A extrema direita tem buscado mobilizar a sua base e pede movimentações de rua para os próximos dias. Para o governo venezuelano, a situação está controlada e a expectativa é que não sejam registradas ocorrências no dia 10 de janeiro.
As últimas manifestações de opositores tiveram pouca adesão. A movimentação, no entanto, é parecida com o período eleitoral. Na ocasião, María Corina e Edmundo percorreram diversas cidades do país sem conseguir organizar mobilizações massivas. Apesar disso, o dia seguinte do pleito foi marcado por manifestações violentas registradas em todo o país.
Crise entre Venezuela e Brasil
A tensão envolvendo os dois países vizinhos começou na corrida eleitoral venezuelana. O Tribunal Superior Eleitoral (TSE) brasileiro enviaria dois observadores para acompanhar o pleito, mas desistiu depois de Maduro afirmar que as urnas brasileiras "não são auditadas". Em vez de observadores, o governo brasileiro enviou o assessor especial, Celso Amorim, para Caracas durante as eleições.
Maduro foi eleito para um terceiro mandato com 51,97% dos votos contra 43,18% do opositor Edmundo González Urrutia. A oposição venezuelana contestou o resultado e afirmou ter recolhido mais de 80% das cópias das atas eleitorais e, segundo a coalizão de direita Plataforma Unitária, isso garantiria a vitória de Urrutia.
Isso, somado à denúncia de um ataque hacker contra o sistema eleitoral da Venezuela, levaram Maduro a pedir uma investigação pela Justiça. O órgão eleitoral atrasou a divulgação dos resultados detalhados alegando a atuação hacker, o Tribunal Supremo de Justiça (TSJ) venezuelano investigou os supostos ataques, recolheu todo o material eleitoral do órgão e ouviu 9 dos 10 candidatos que disputaram o pleito. Só Edmundo González Urrutia não compareceu.
O governo brasileiro começou a articular com Colômbia e México a mediação da questão eleitoral venezuelana. Os três governos emitiram duas notas conjuntas pedindo a publicação das atas eleitorais pelo CNE e não pela Justiça do país. O TSJ da Venezuela validou a eleição de Maduro e pediu a publicação dos resultados desagregados em até 30 dias. No entanto, mais de 3 meses depois do pleito, os resultados ainda não foram publicados e o site do órgão eleitoral continua fora do ar.
Lula então passou a oscilar entre pedir que a situação seja resolvida internamente, sugerir a realização de novas eleições e dizer que não reconhecia a vitória de Maduro se os resultados das atas não fossem publicados e, consequentemente, sua vitória nas urnas fosse comprovada de forma independente.

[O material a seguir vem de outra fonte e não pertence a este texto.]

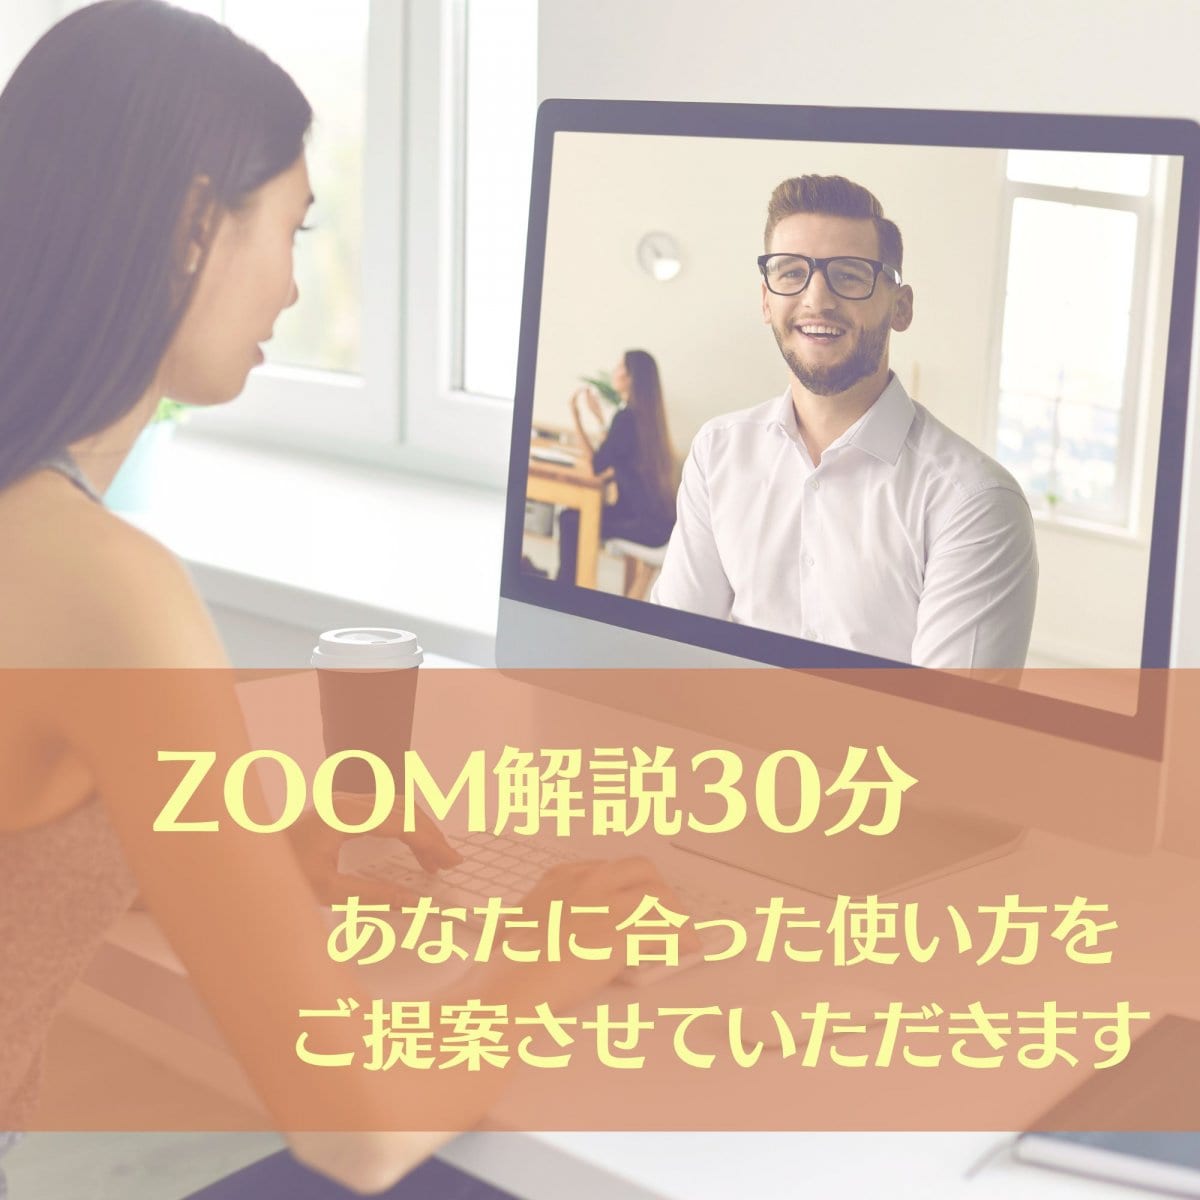 リアクト使用方法解説ZOOM(30分)

A relação entre Venezuela e Brasil se estabilizou momentaneamente até a cúpula do Brics, realizada em Kazan, na Rússia, de 22 a 24 de outubro. Nela, o governo venezuelano esperava ser incorporado ao grupo na categoria de “Estado parceiro”, mas ficou de fora da lista de 13 novos integrantes por um veto do Brasil. A decisão do Itamaraty revoltou os venezuelanos.
O motivo do veto não foi justificado publicamente pelo governo de Lula. O presidente não compareceu ao evento e enviou o chanceler, Mauro Vieira, para chefiar a delegação. Caracas afirma que a decisão foi uma “punhalada nas costas” e que a medida de “ingerência” do governo brasileiro é uma forma de interferir na política local.

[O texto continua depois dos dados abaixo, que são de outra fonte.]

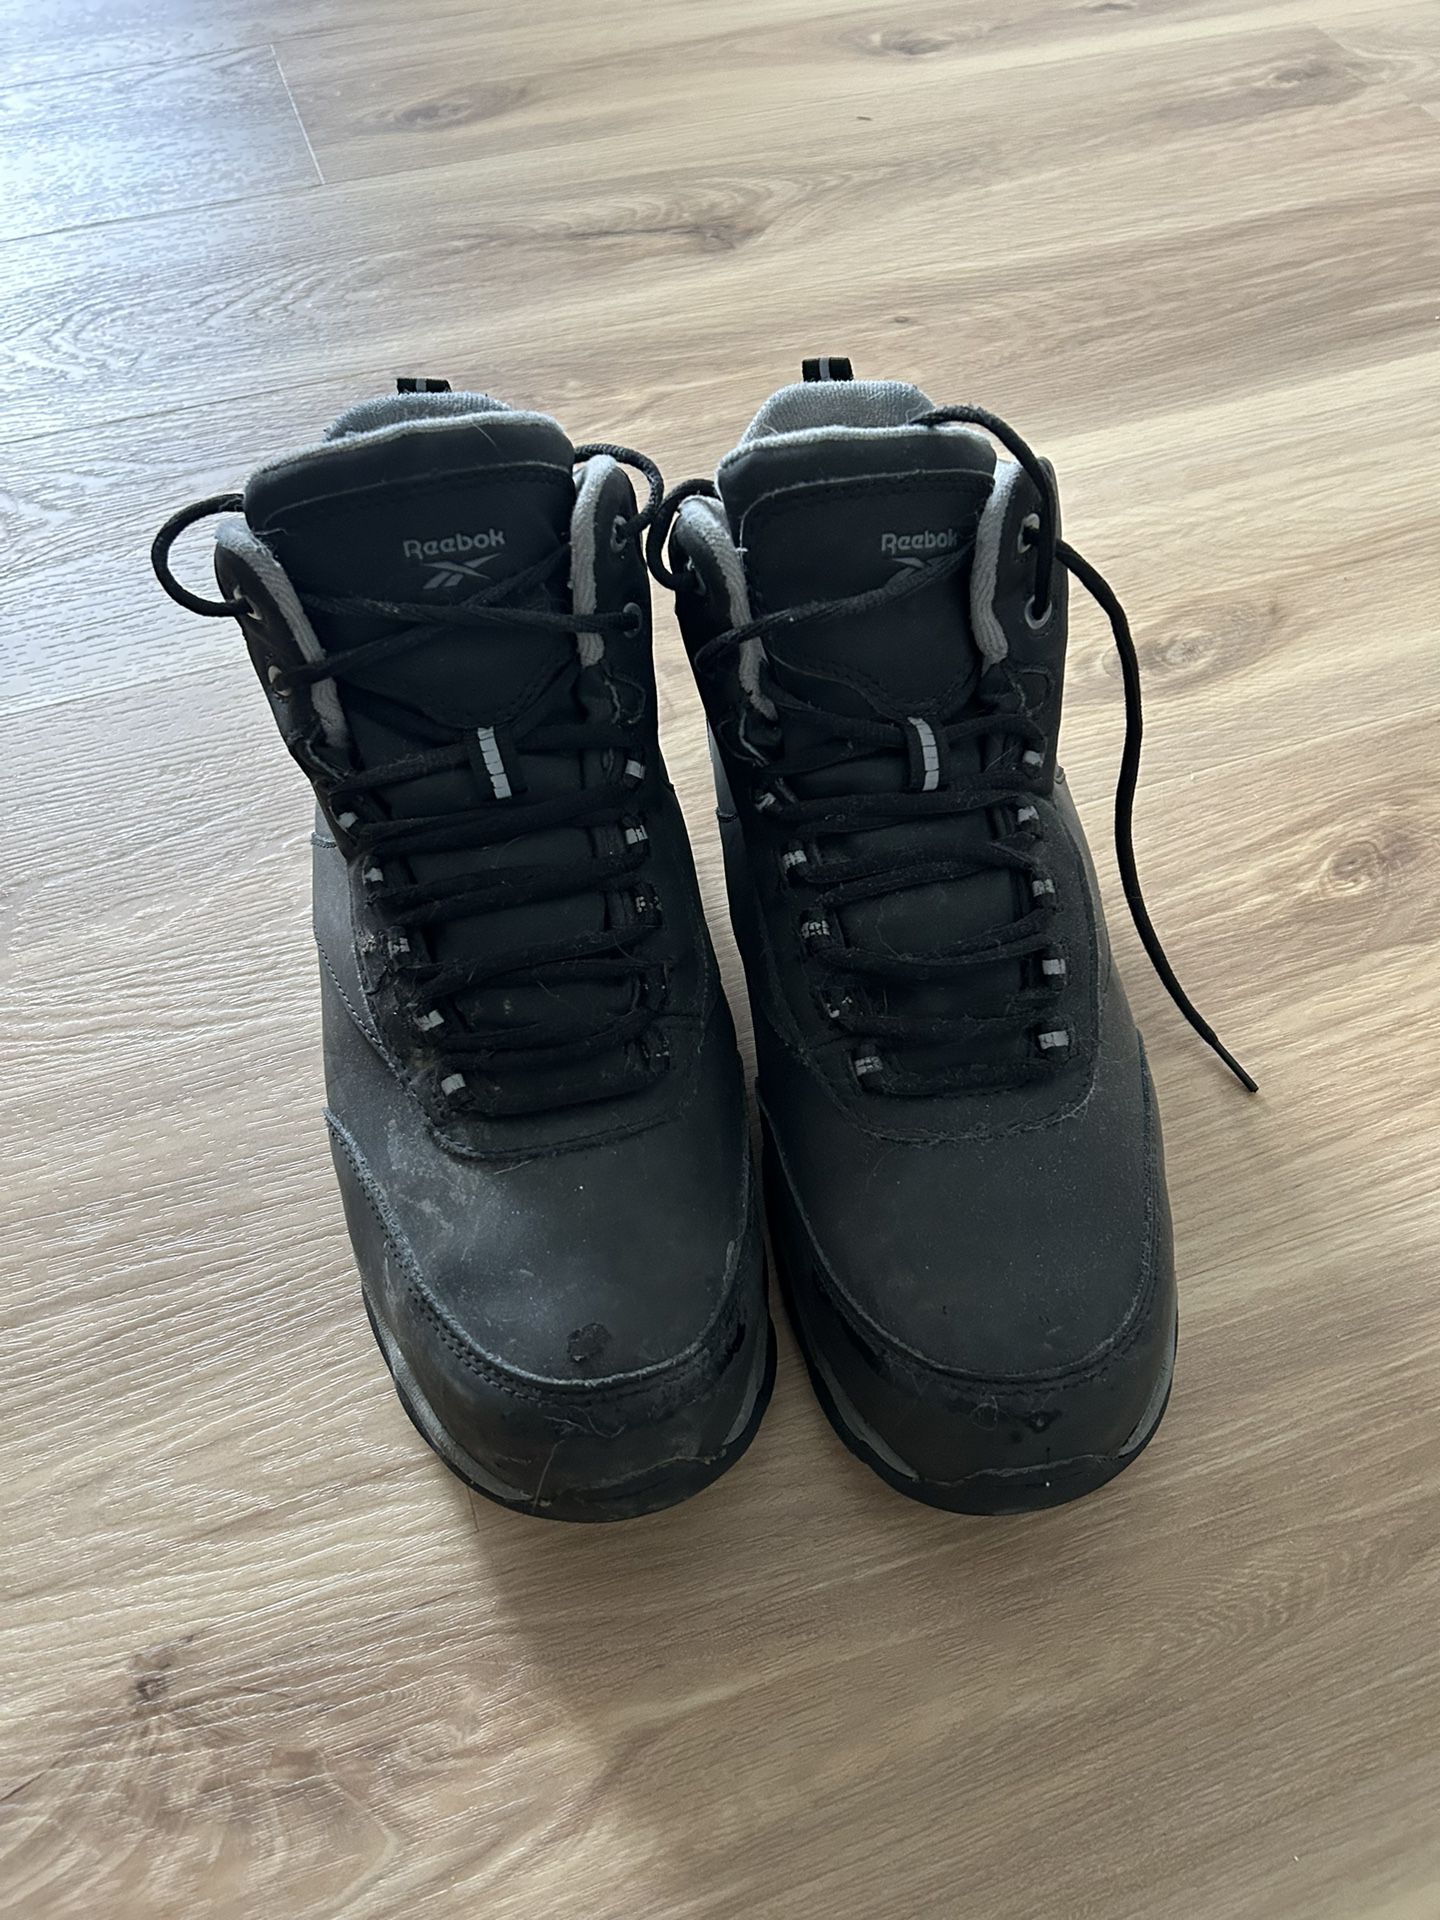 Reebok Men’s Work boots With Internal Met Guard

Em audiência na Câmara dos Deputados, Amorim reforçou que a questão do pleito deve ser resolvida por venezuelanos e que o Brasil não reconhece a eleição do presidente Nicolás Maduro, até que sejam apresentados os resultados desagregados. Amorim não explicou claramente o veto no Brics. Primeiro, disse que é preciso ser um país com influência e que represente a região, algo que, para ele, a Venezuela não cumpre. Em um segundo momento, citou o mal estar entre os governos brasileiro e venezuelano.

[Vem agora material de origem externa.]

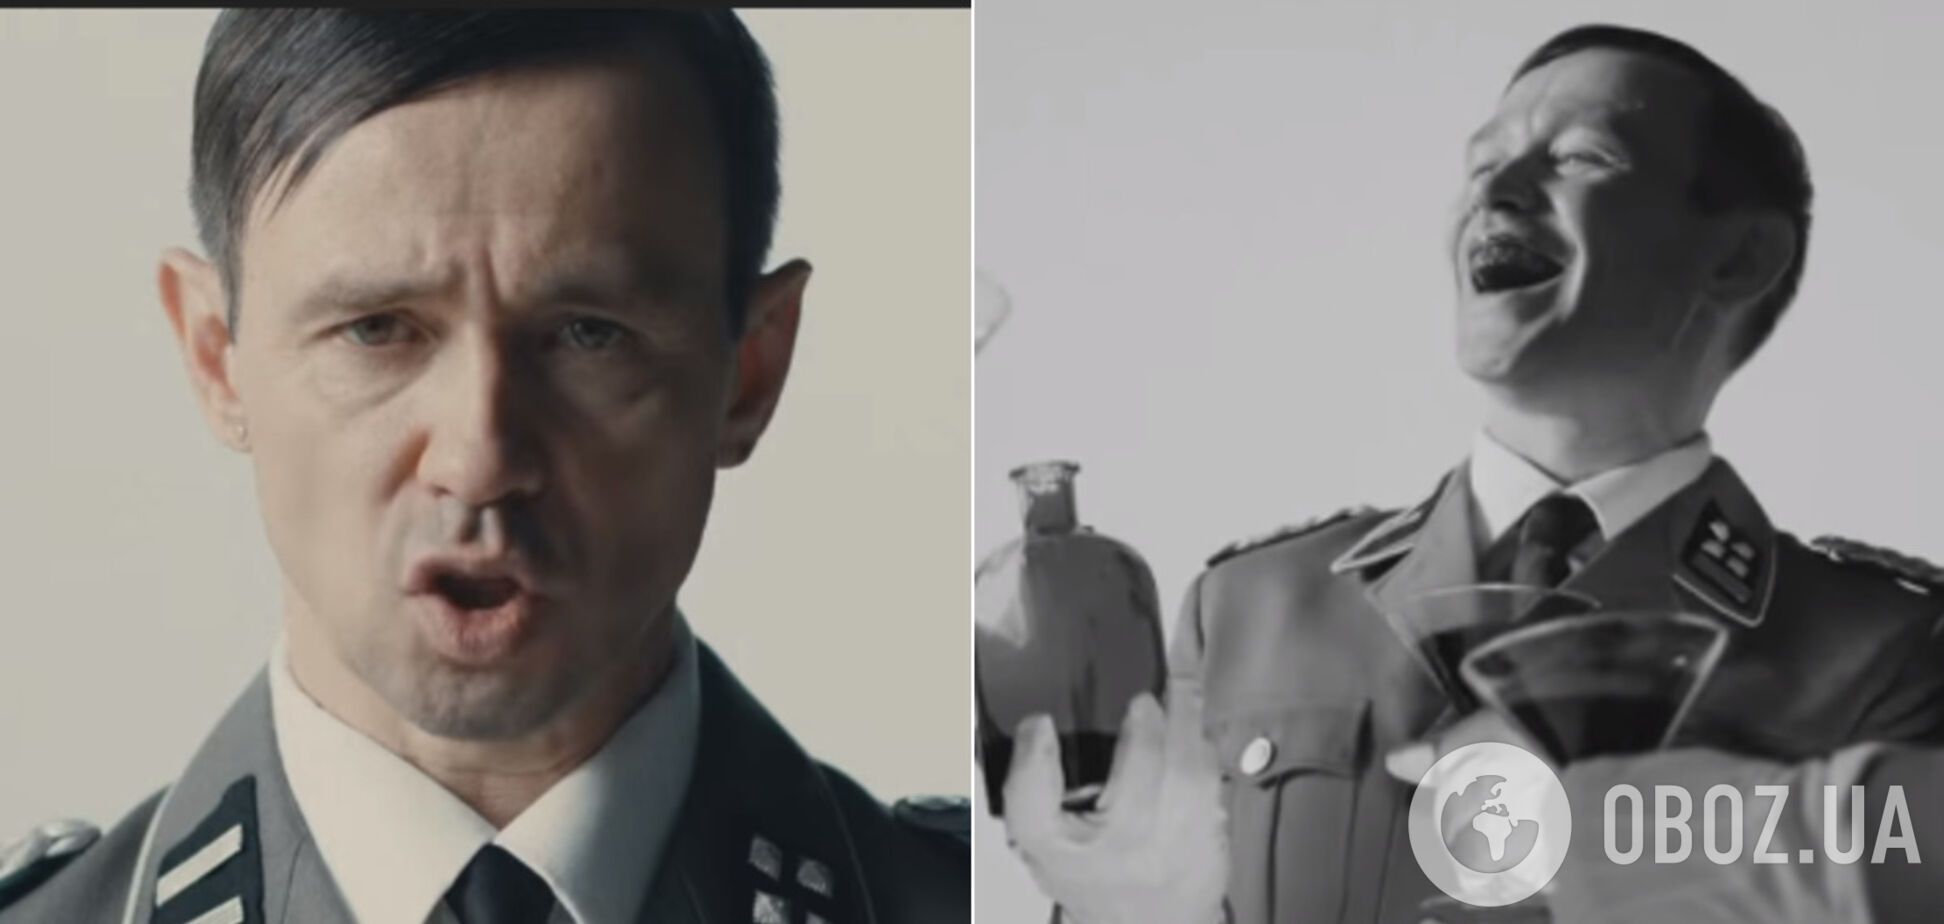 'Рыдающая страна тонет в соплях!' 48-летний Дельфин выпустил мощное видео с Гитлером и похоронами Сталина

Em resposta à fala do assessor especial, o governo da Venezuela convocou o embaixador venezuelano no Brasil, Manuel Vadell, para consultas. Em nota, Caracas afirmou que a medida foi tomada depois das declarações “intervencionistas e grosseiras” de Amorim. A Chancelaria venezuelana também convocou o encarregado de negócios do Brasil em Caracas para demonstrar “rechaço” às declarações de representantes do governo brasileiro em relação ao processo eleitoral do país.